━━━━━ Given information ━━━━━

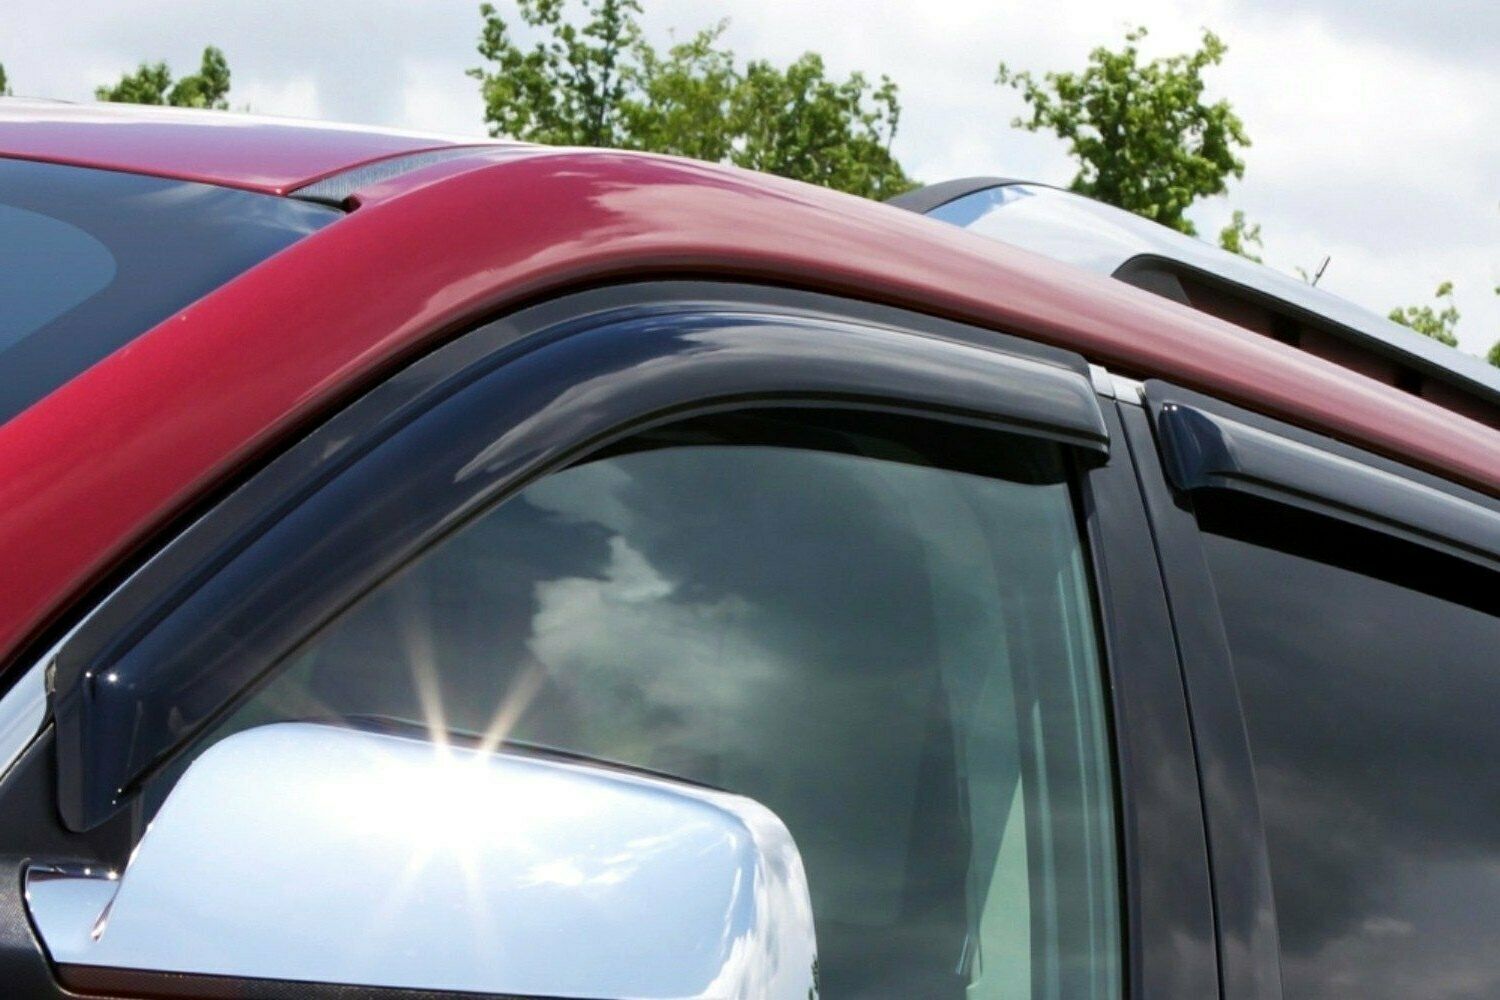 AVS In-Channel Smoke Side Window Deflectors For Lincoln Town Car 90-94 - 94214
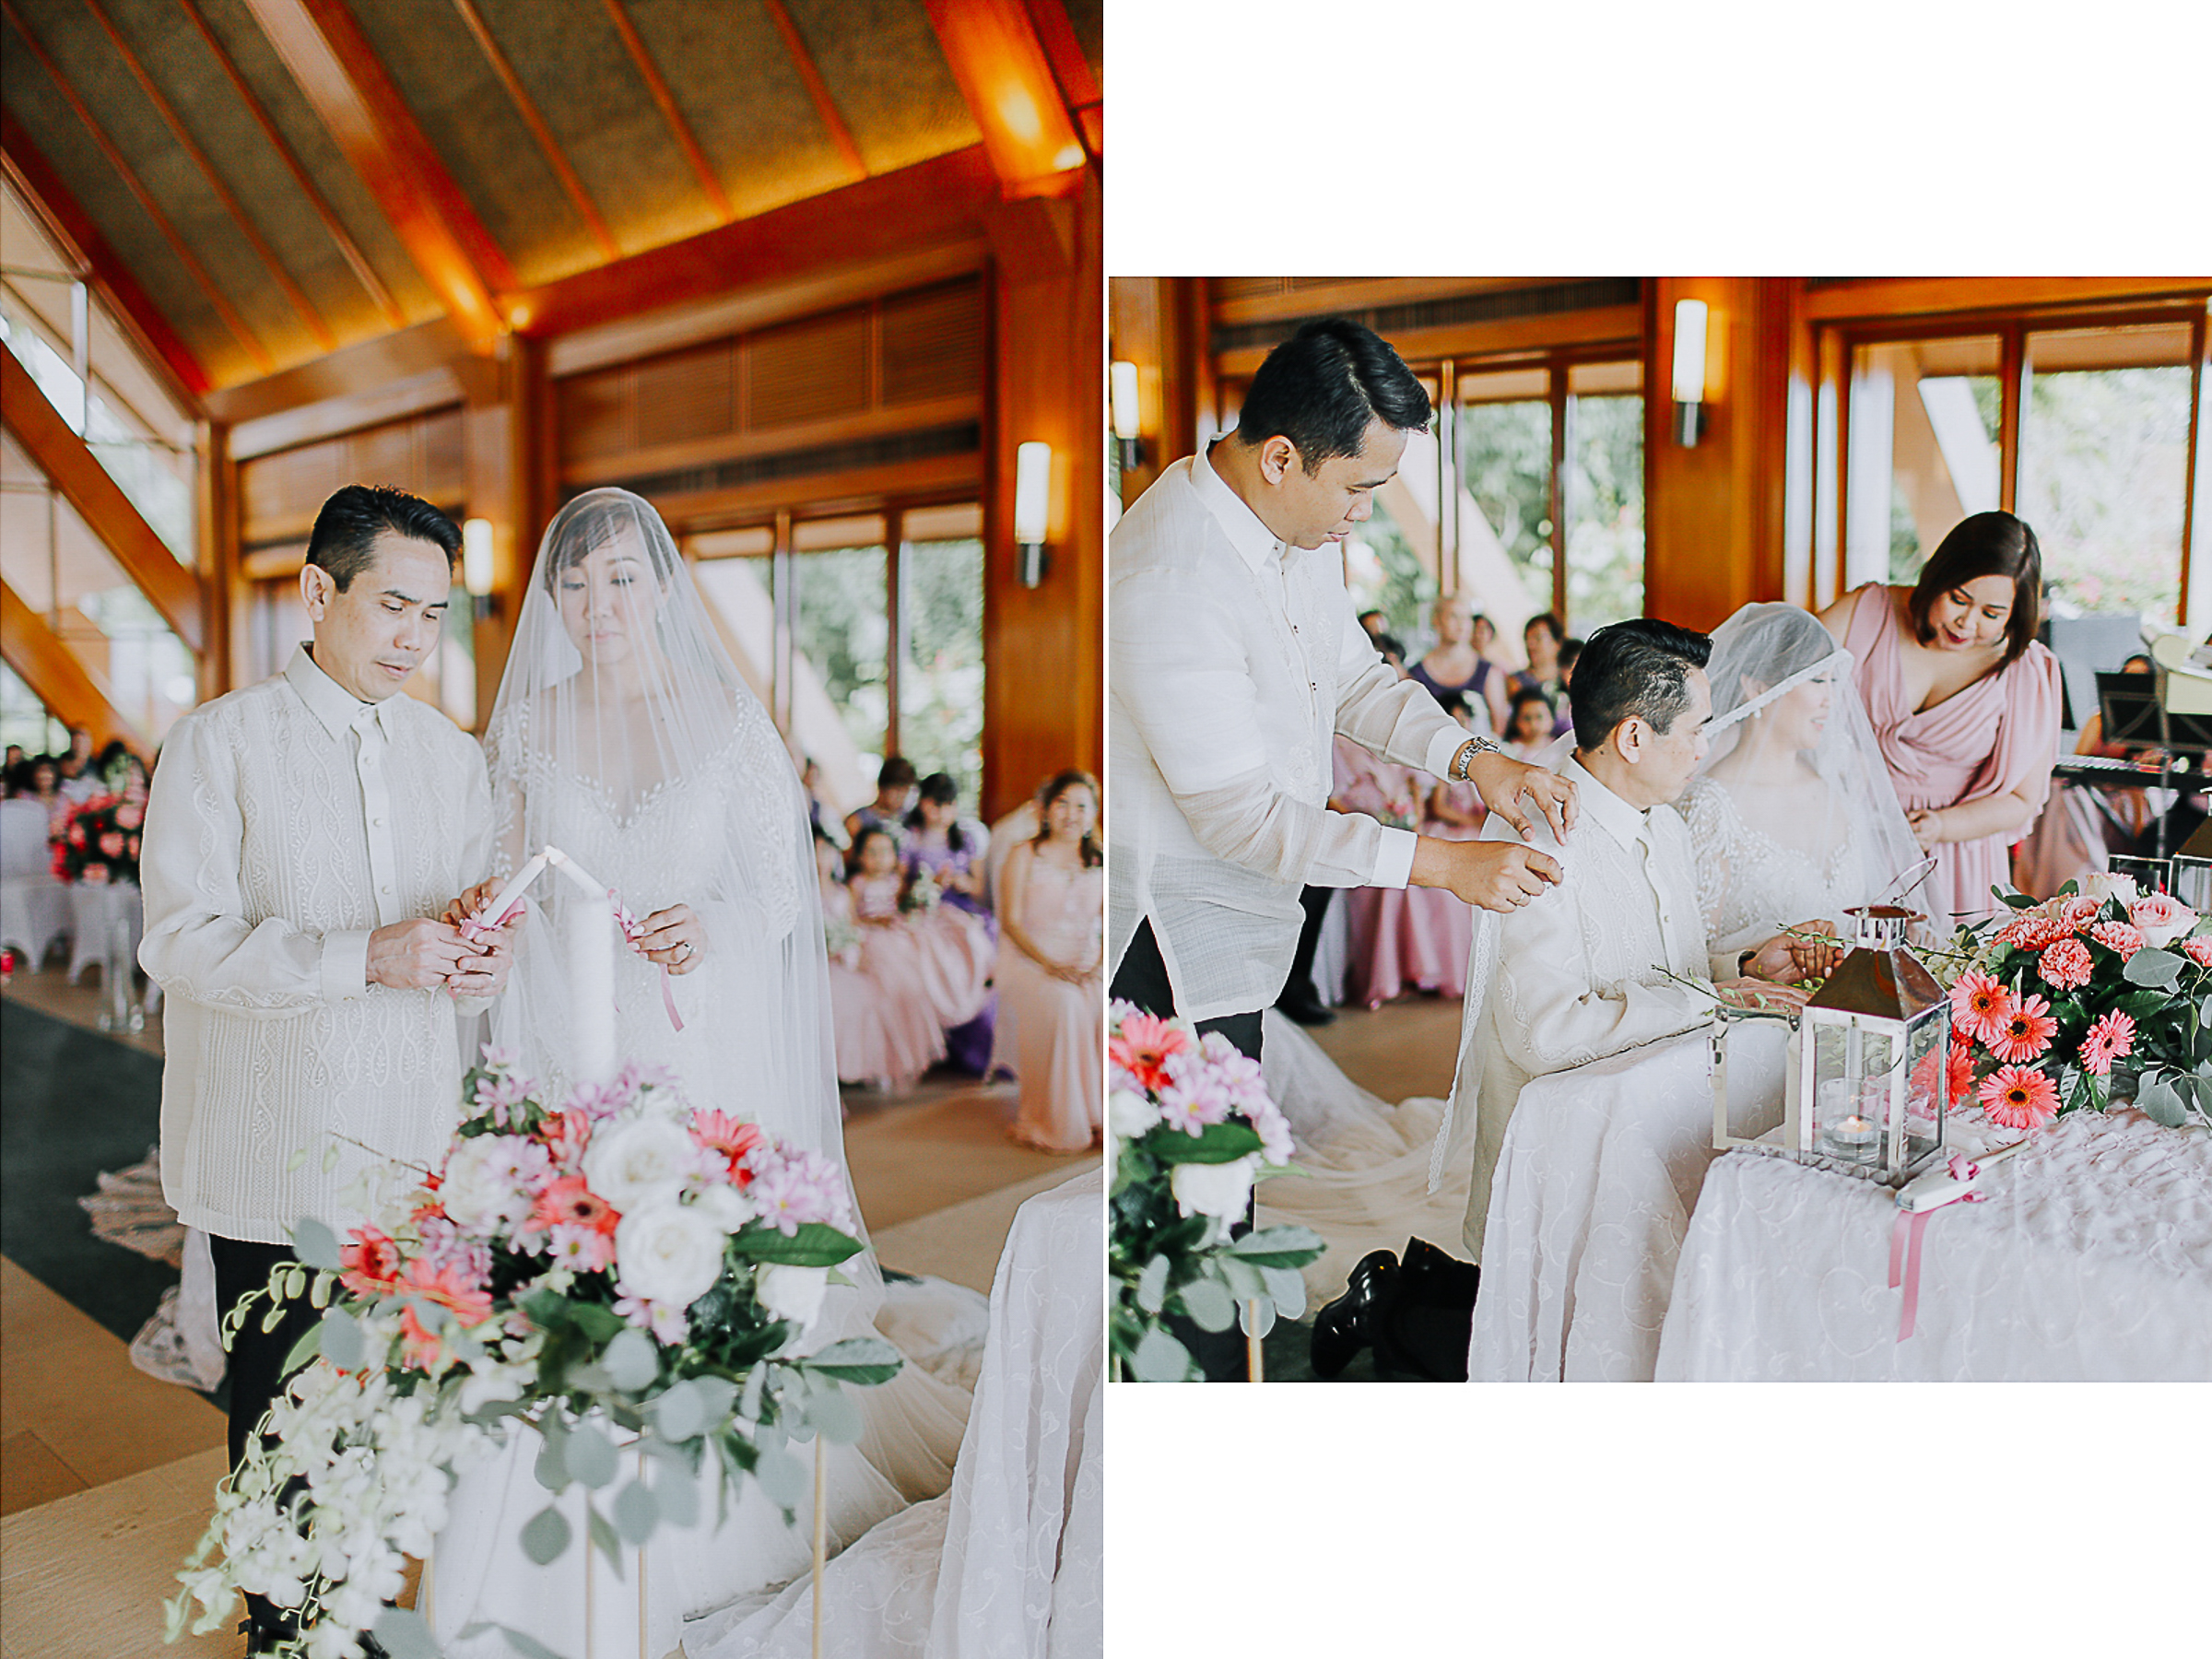 shang mactan wedding0046 - Coleen & Seigfred's Shangrila Mactan Cebu Destination Wedding
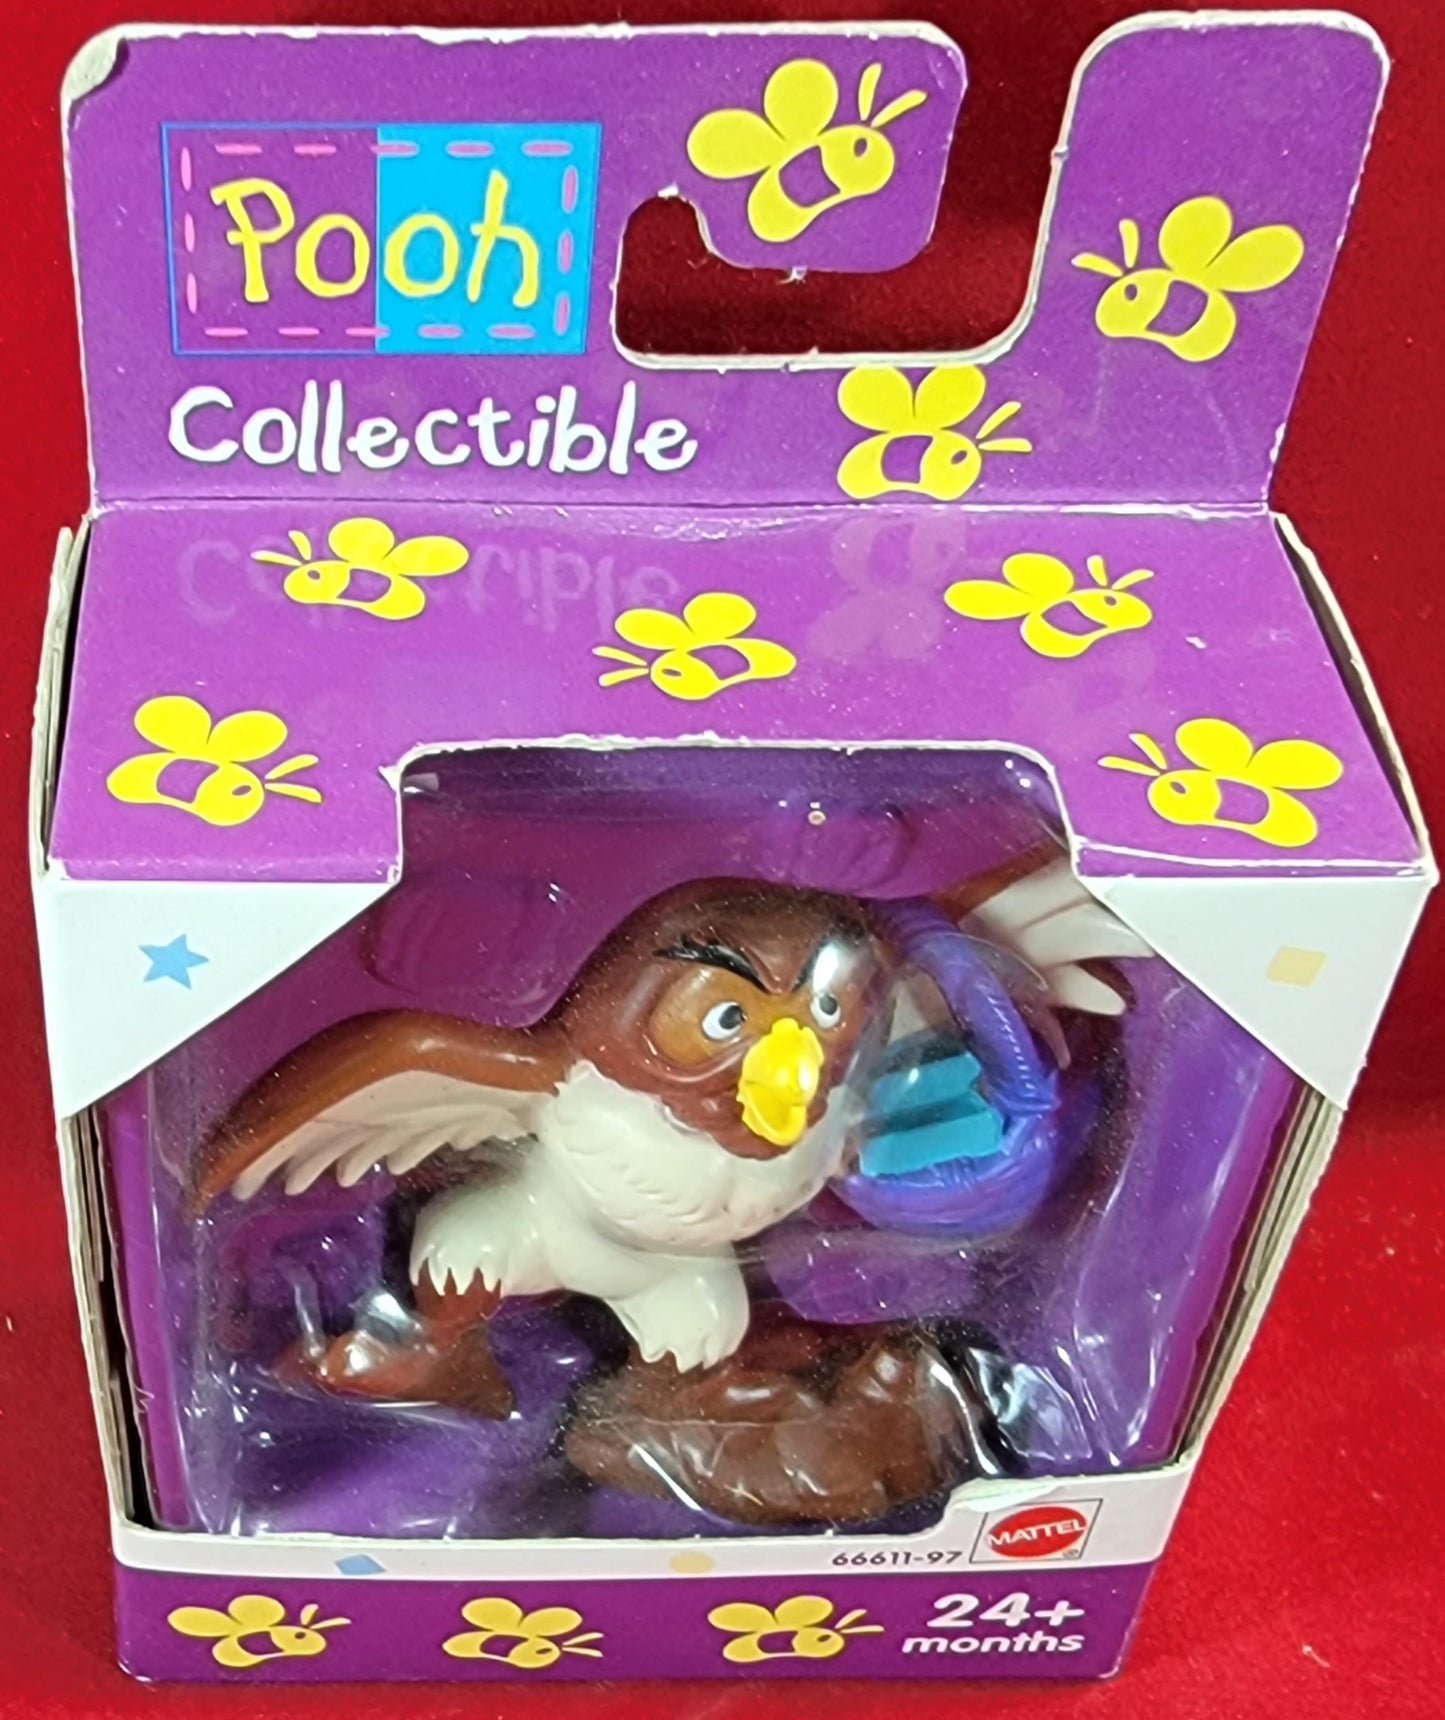 Pooh collectible  wise owl figure (nib)

━━━━━

* [Exercise]:
The data above must be written out again without alteration, and the pictures in them must be excluded.

* [Output for this exercise]:
 AVS In-Channel Smoke Side Window Deflectors For Lincoln Town Car 90-94 - 94214
 shang mactan wedding0046 - Coleen & Seigfred's Shangrila Mactan Cebu Destination Wedding
 Pooh collectible  wise owl figure (nib)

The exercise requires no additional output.